The permutation thresholds were calculated using 10,000 random shuffles. The experiment-wise error rates for each chromosome and the genome-wide adjustment were set to 0.05. Only SNPs with minor allele frequency ≥0.01 were used.

αperm, αG and αS are the point-wise error rates for permutation, simpleM and SLIDE, respectively.

Meff_G and Meff_S are the effective number of independent tests for simpleM and SLIDE, respectively. w=100: window size is set equal to 100.

Methods

simpleM [Gao, et al. 2008] is a principal component analysis (PCA) based approach that calculates the effective number of independent tests, Meff, for a given data set. Then, it uses Meff as the denominator in the Bonferroni correction formula. simpleM uses composite LD to capture the correlation among SNPs and infers the Meff using the number of principal components that jointly contribute to 99.5% of variation in the SNPs. The method has been verified to give multiple correction cut-offs similar to those estimated from the permutation null distribution using data from common SNPs chips [Gao, et al. 2010].

SLIDE [Han, et al. 2009] relies on the assumption that commonly used association statistics for a set of SNPs follow multivariate normal (MVN) distribution asymptotically. SLIDE uses a sliding-window Monte-Carlo approach, which takes into account all the local LD along the genome, to approximate the MVN. One problem, however is that the MVN can be inaccurate in the tails of the true null distribution. SLIDE scales the approximated MVN to overcome the inaccuracy in the tails. A bigger window size may generally yield more accurate results than a smaller window but at the price of increased computing time. In this work, we used a window size of 100 markers (w = 100) and 10K samplings as reported in the original publication.

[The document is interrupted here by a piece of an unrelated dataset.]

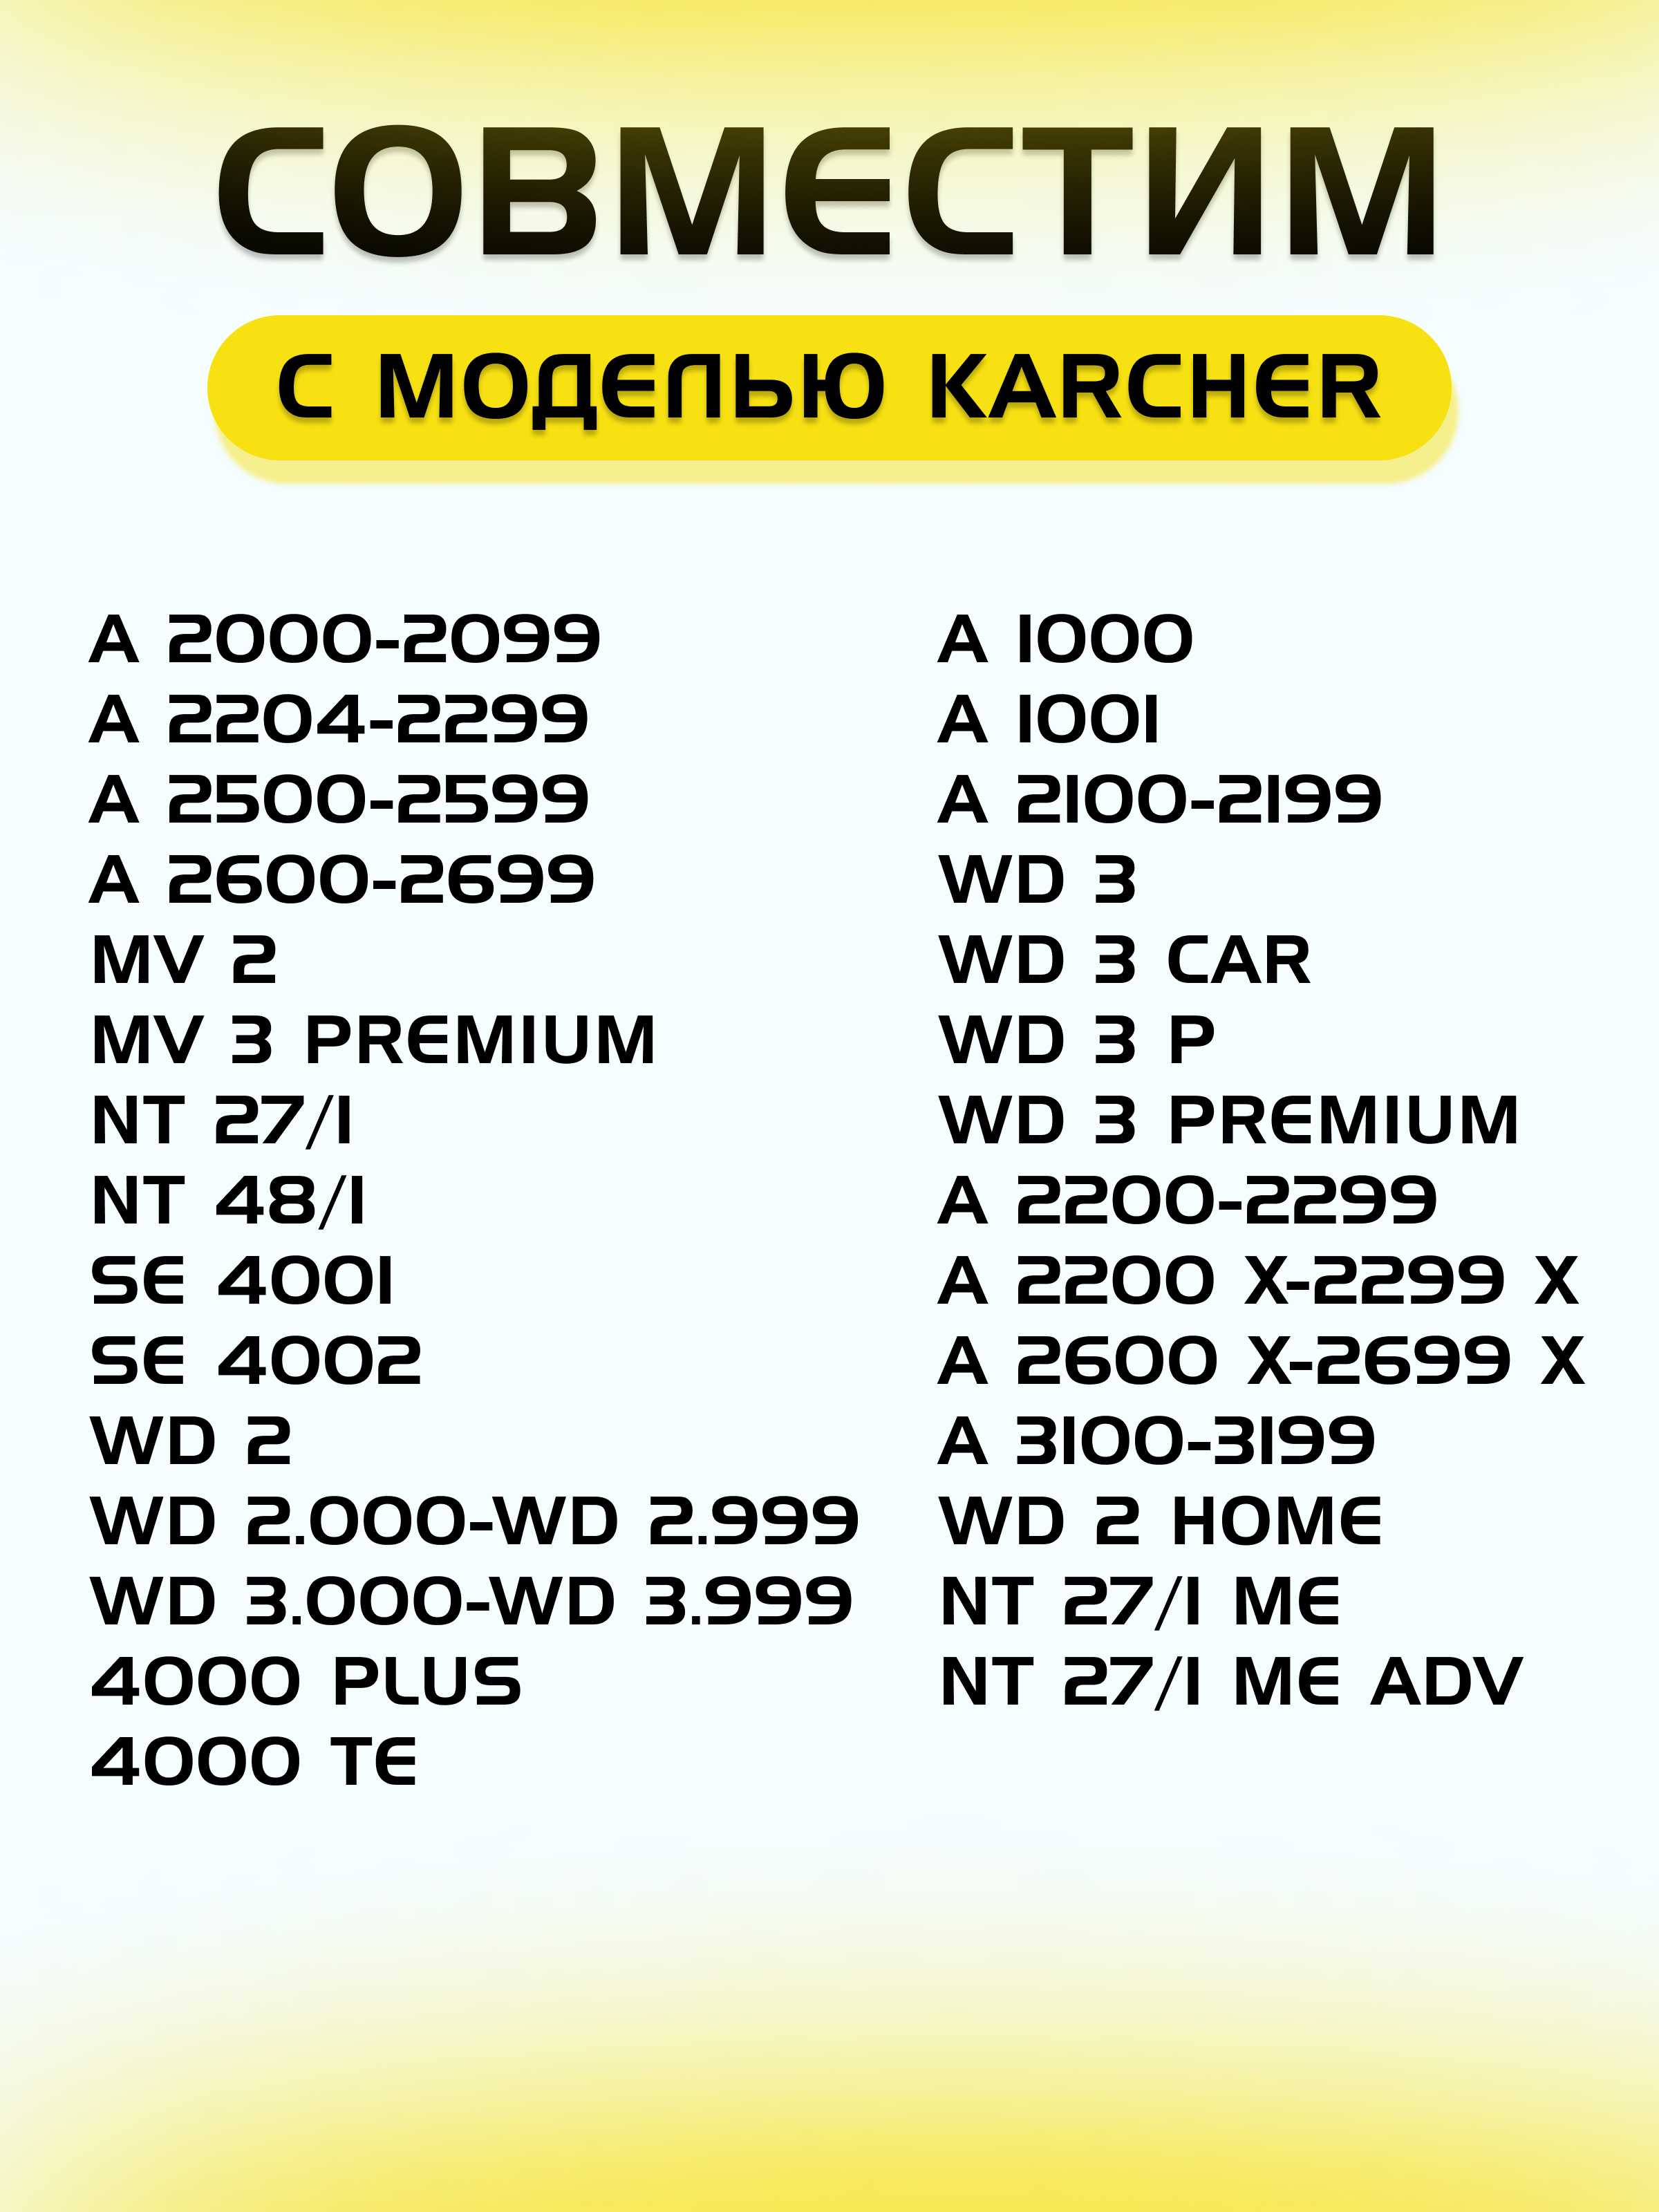 Нера стандартный фильтр складчатый для пылесоса Karcher (Керхер) MV2, MV3, WD3, WD2, D2250, WD3.200, 6.414-552.0 для SE / WD / MV

We also performed permutation tests on the NHLBI Family Heart Study 2.5M estimated allelic dosages. We set the EWERs at 0.05 and derived corresponding PWERs. We conducted permutation tests [Churchill and Doerge 1994; Gao, et al. 2008] with 10,000 random shuffles using the score test for testing the global null hypothesis of beta = 0 in the logistic regression as implemented in SAS v9.2 (SAS Institute, Cary, NC, USA). In each permutation shuffle, half of the samples were randomly assigned as cases and the other half were assigned as controls. We recorded the smallest p-value from each permutation. The smallest p-values were arranged in descending order and the 100α percentile was the permutation-based PWER for the overall significance level of α. We used a nominal value of α = 0.05. Permutation tests were carried out on the computer cluster (800 nodes) of the Division of Statistical Genomics at the Washington University School of Medicine.

Results

Results for each chromosome (chromosome-wide EWER = 0.05) and at the genome-wide scale (genome-wide EWER = 0.05) are shown in Table 1 for the estimated allelic dosages. The PWERs derived from the simpleM, SLIDE and permutation tests are denoted as αG, αS and αperm, respectively. simpleM gives Meff output. The corresponding αG was derived using the formula, αG = 0.05/Meff. SLIDE gives both Meff and αS output. Comparing αG and αS to αperm, we see that simpleM gives the best approximation to the permutation thresholds while SLIDE is rather conservative. To help visualization, pair-wise plots taking permutation thresholds as the reference for chromosome 1 to 22 are plotted in Figure 1. simpleM × permutation and SLIDE × permutation pair-wise values are indicated as open circles and triangles, respectively. A perfect match with permutation estimates would fall on the diagonal line, y = x. The closer the approximation thresholds to the diagonal line the better. SLIDE thresholds are farther off the diagonal line than simpleM. On a genome-wide scale, the permutation threshold is 8.52×10−8 with 95% confidence interval (CI) as (7.86×10−8, 9.44×10−8), while simpleM and SLIDE give 9.25×10−8 and 6.58×10−8, respectively. It is clear that the simpleM gives the closest approximation to the permutation. The SLIDE estimate, 6.58×10−8, is outside of the 95% CI of the permutation significance level. The corresponding type I error rates for the simpleM and SLIDE thresholds are 0.053 and 0.039, respectively.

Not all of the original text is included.